Your objective: Using the data that follows, output only the lines from the line with "Shangrila Indian Silk 11024" up to and including the line with "photo of pine needle", exactly, leaving pictures aside.

Records provided:
____

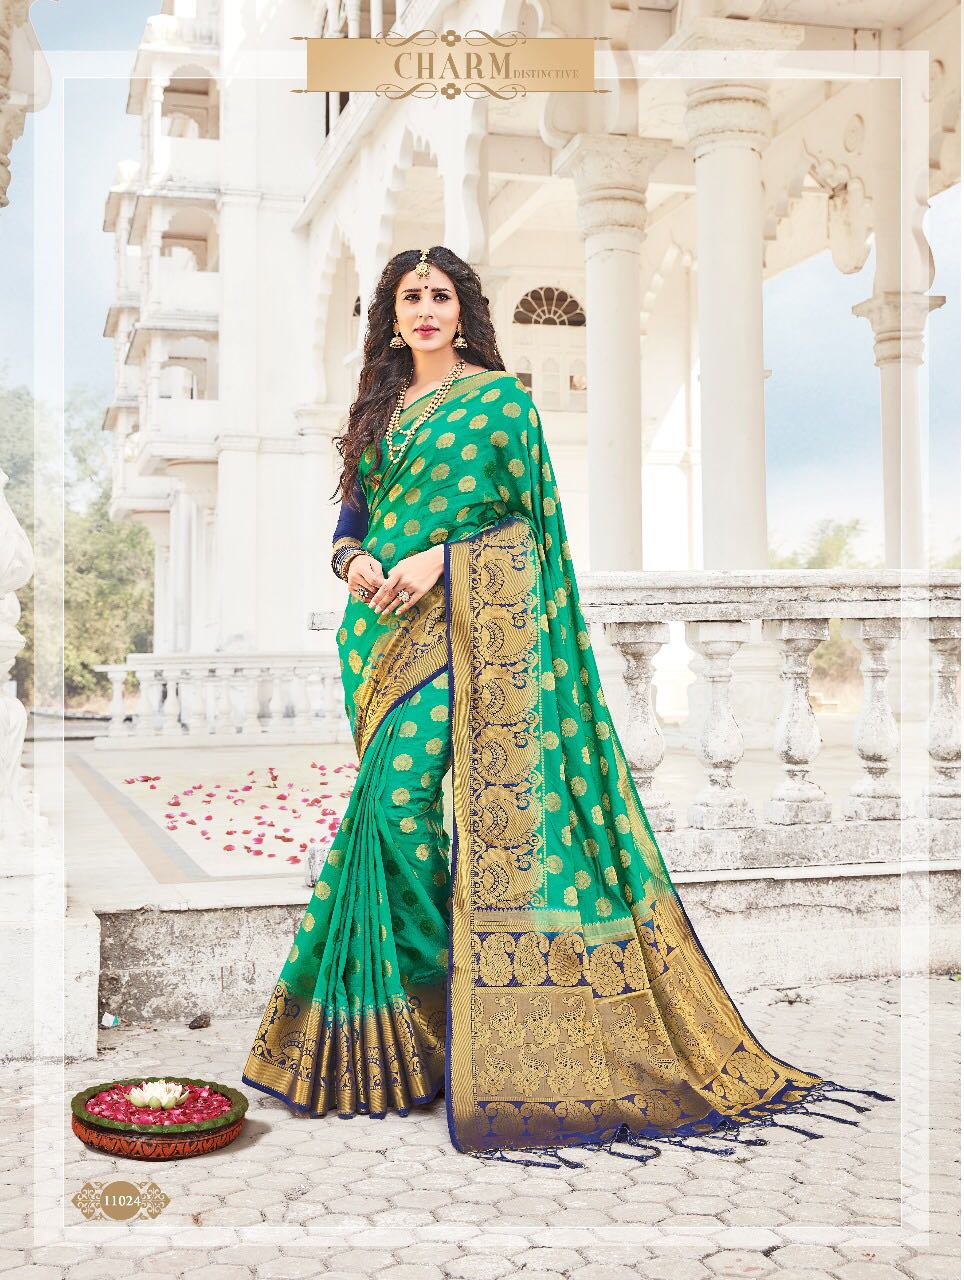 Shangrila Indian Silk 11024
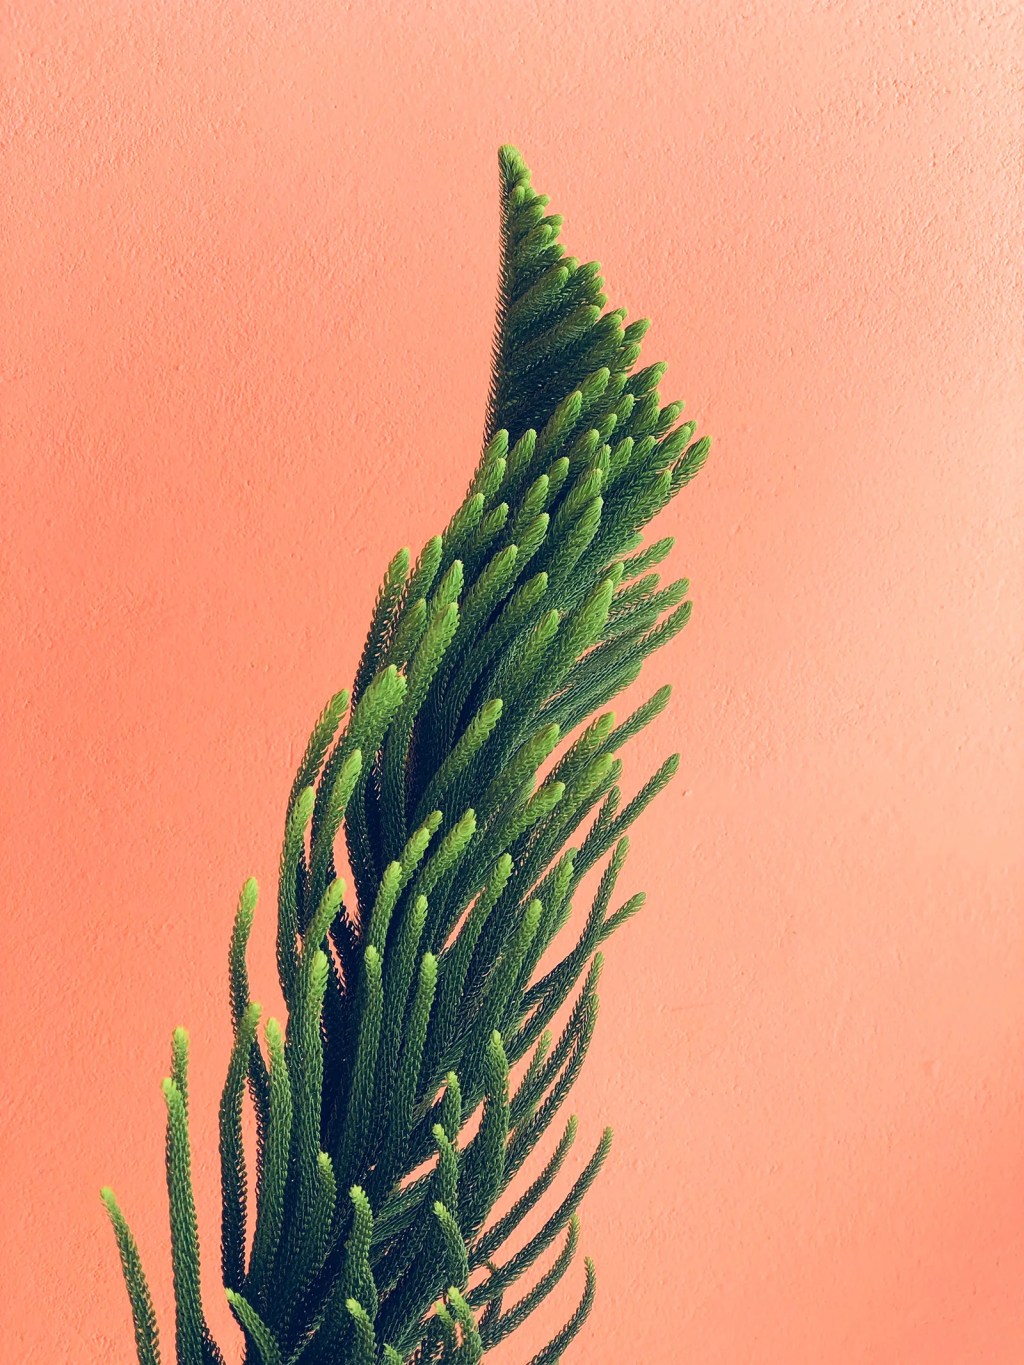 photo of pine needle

____

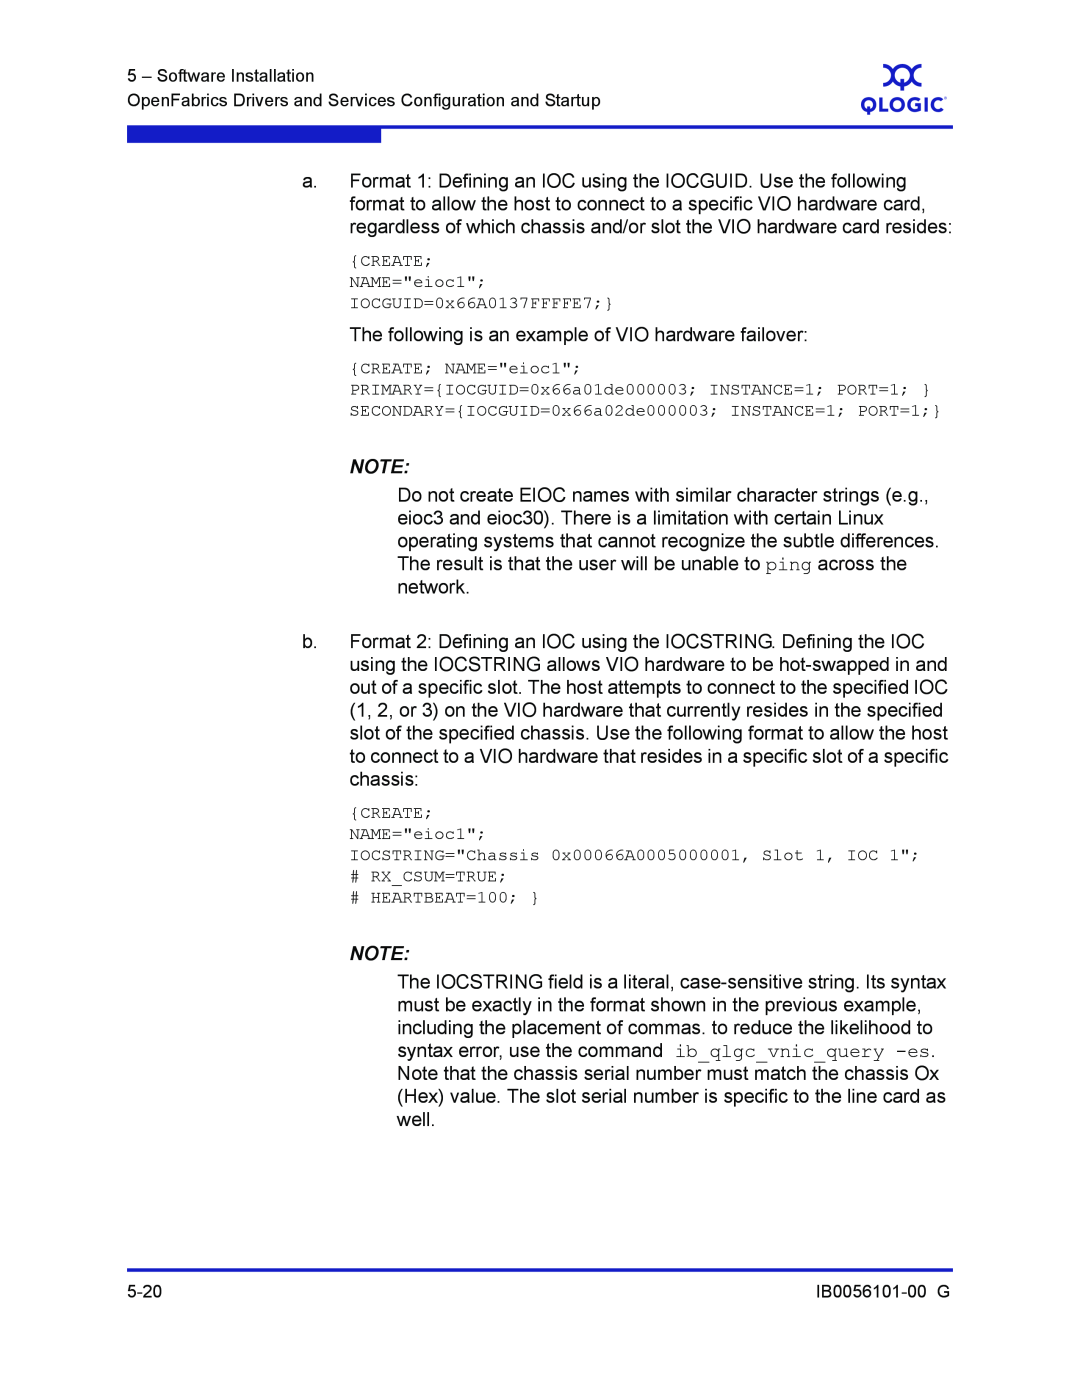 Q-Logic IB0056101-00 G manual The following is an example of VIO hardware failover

____

The completed task:
 Shangrila Indian Silk 11024
 photo of pine needle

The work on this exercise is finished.